By Helle Abelvik-Lawson

September 22, 2023

Source: Green Peace

Shidonna Raven Fashion - Home & Heirloom Collection. All Rights Reserved. Copyright. Trademark.

Photo Source: Unsplash


Dangerous, low-paid work for ‘disposable’ clothes

The constant push for cheaper manufacturing traps skilled garment workers in extremely unsafe working conditions. Deadly fires frequently rip through clothing factories around the world. March 2020 alone saw 66 fires in factories across the industry – that’s two per day.

It’s been 10 years since the worst fashion factory disaster, and little has changed. The 2013 Rana Plaza factory collapse in Bangladesh killed 1,134 people and injured 2,500 (mostly young women).


These women knew their working conditions were dangerous.


The Rana Plaza building was declared unsafe in the days leading up to the collapse. Fashion companies forced the suppliers to fulfil their orders anyway.


Imagine working at your machine, in quiet terror, as the building cracked around you, sewing the hem of a garment that might never even be worn.

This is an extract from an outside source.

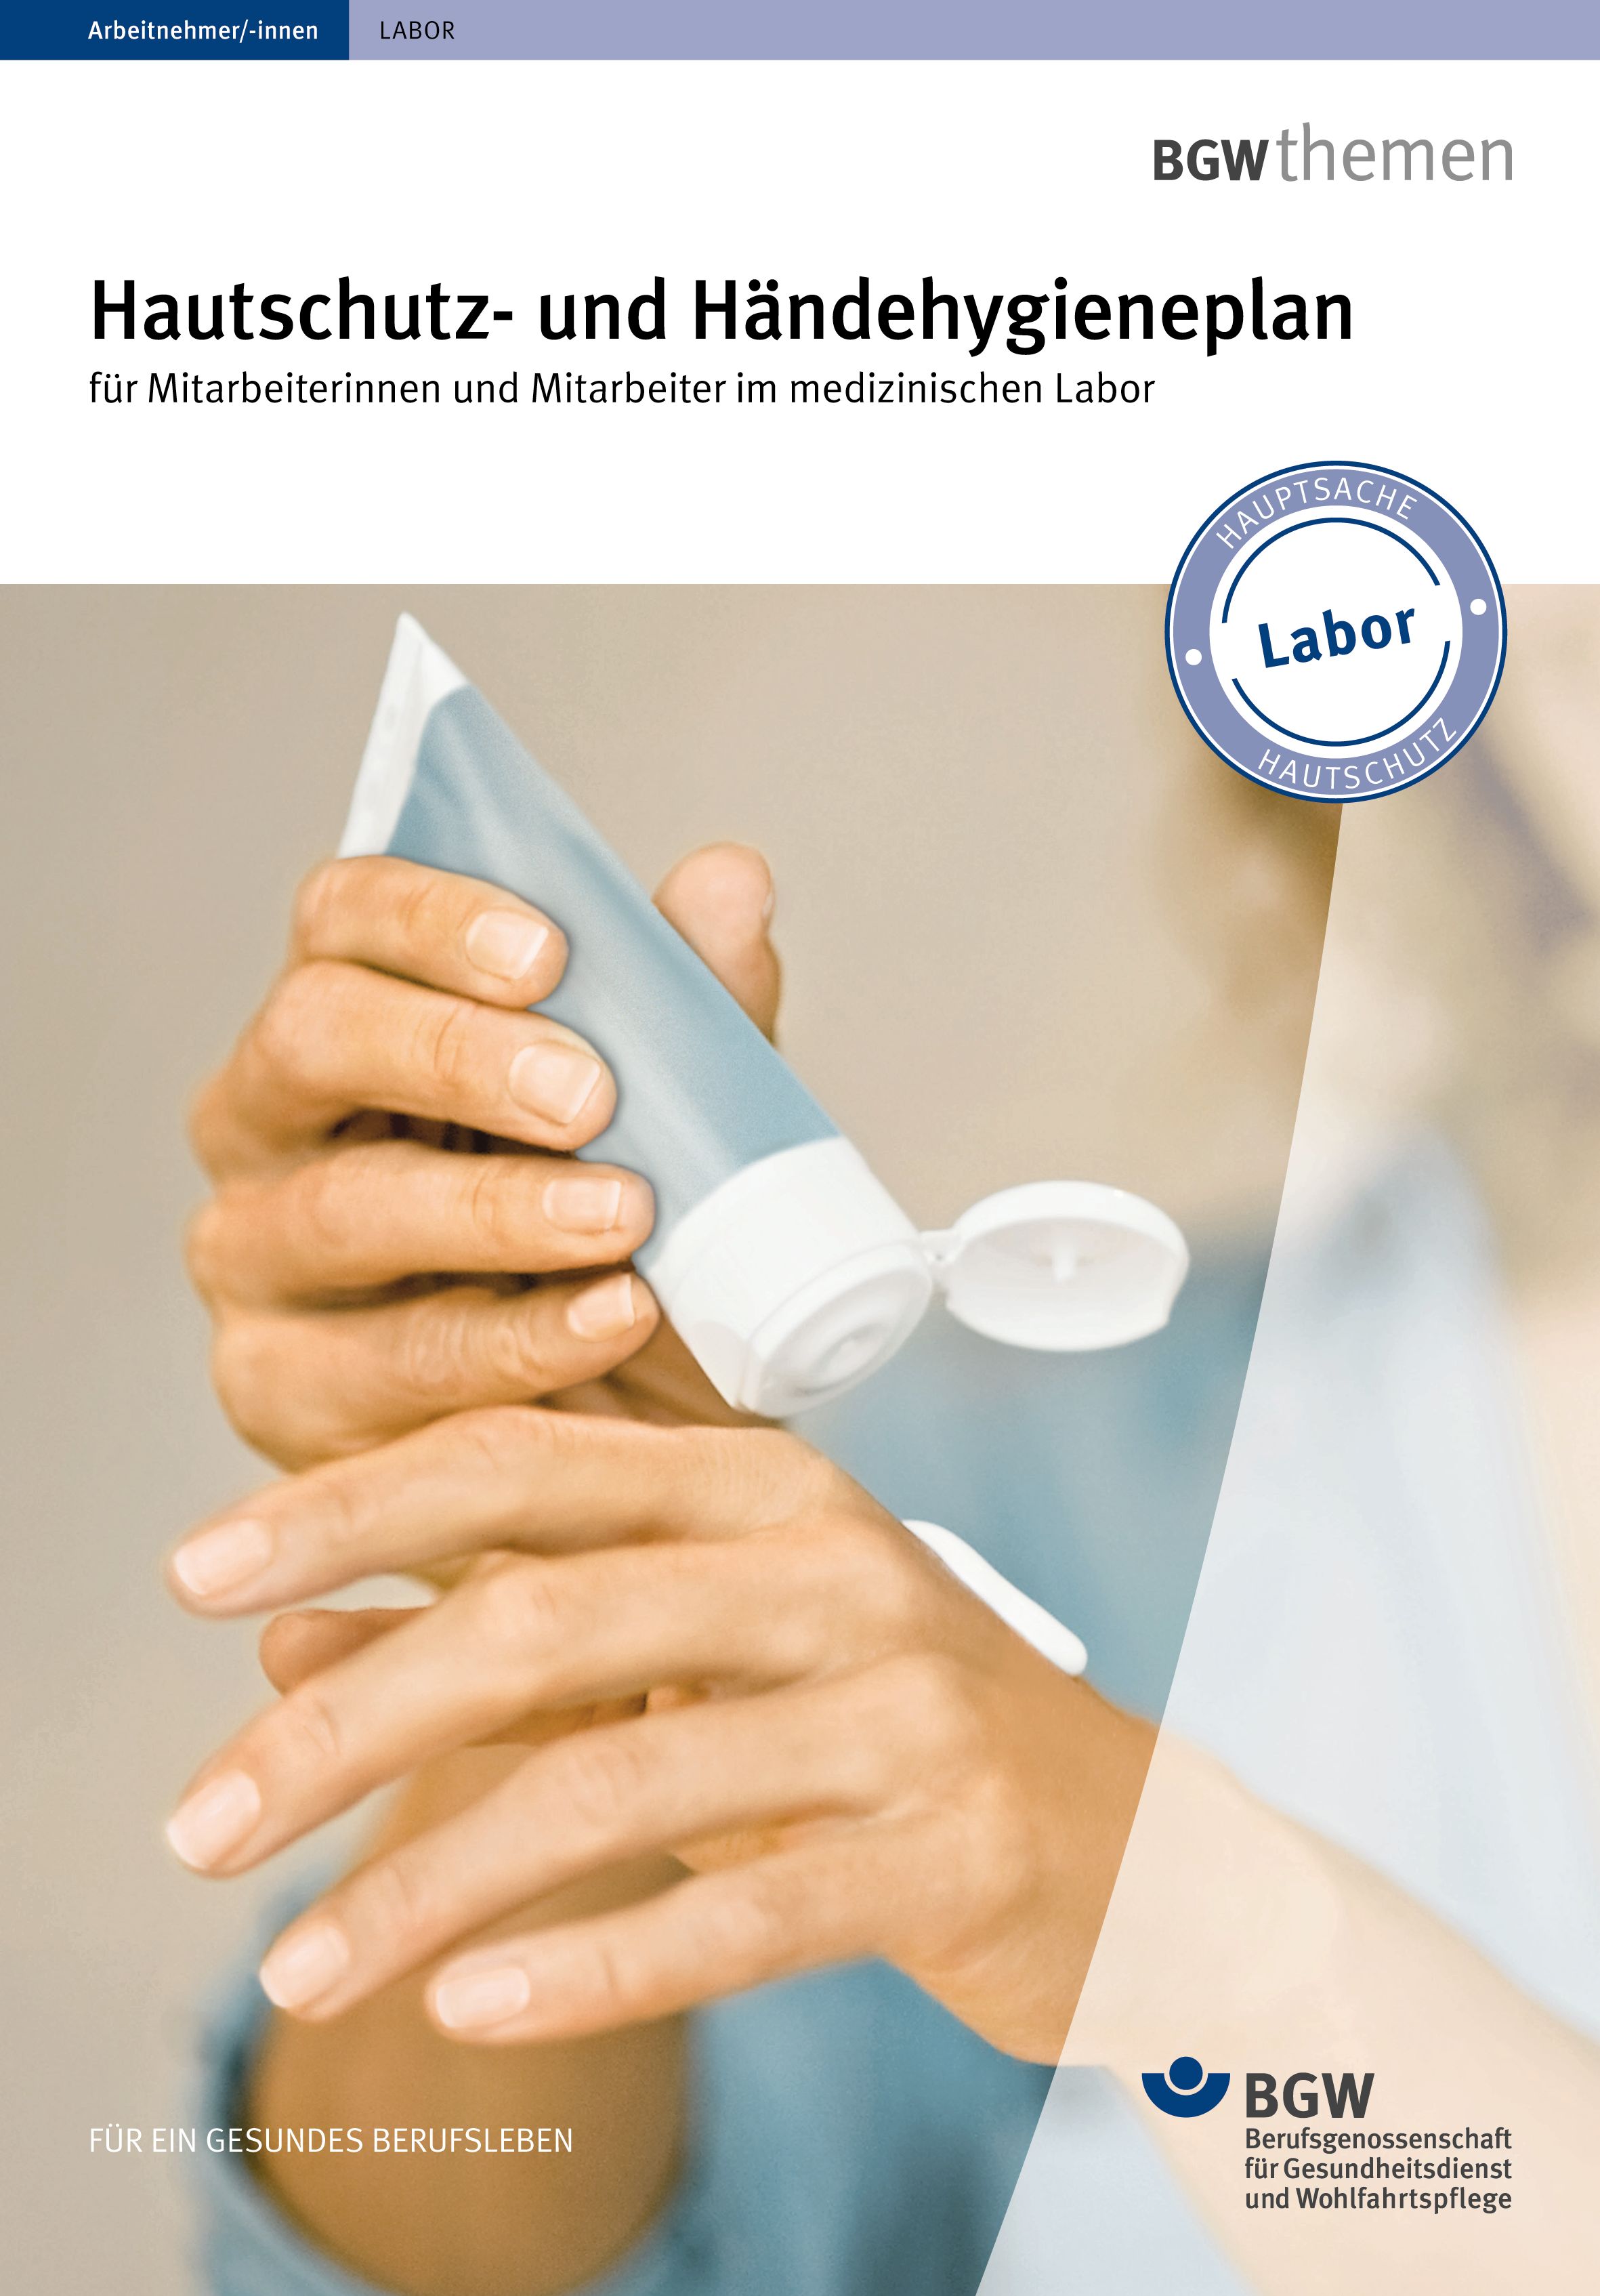 Titel: Hautschutz- und Händehygieneplan für Mitarbeiterinnen und Mitarbeiter im medizinischen Labor - Junge Frau appliziert sich Handcreme aus der Tube auf die Hand.

That was a decade ago, and if anything the problem of waste in fashion has gone into overdrive – the exploitation of lives; of human labour and skill; all the way to the garment waste ending up on Ghanaian beaches.


And sometimes, companies don’t pay the workers at all.


Just as the world went into COVID-19 lockdowns, the fashion industry owed $16 billion to garment workers for orders completed before the pandemic shut their stores. Some still haven’t been paid.


How has it come to this? Do we now just accept that clothing has to be made from oil and misery – so it can remain dirt cheap, and far too plentiful? Is it our fault as customers who need clothing to function in society?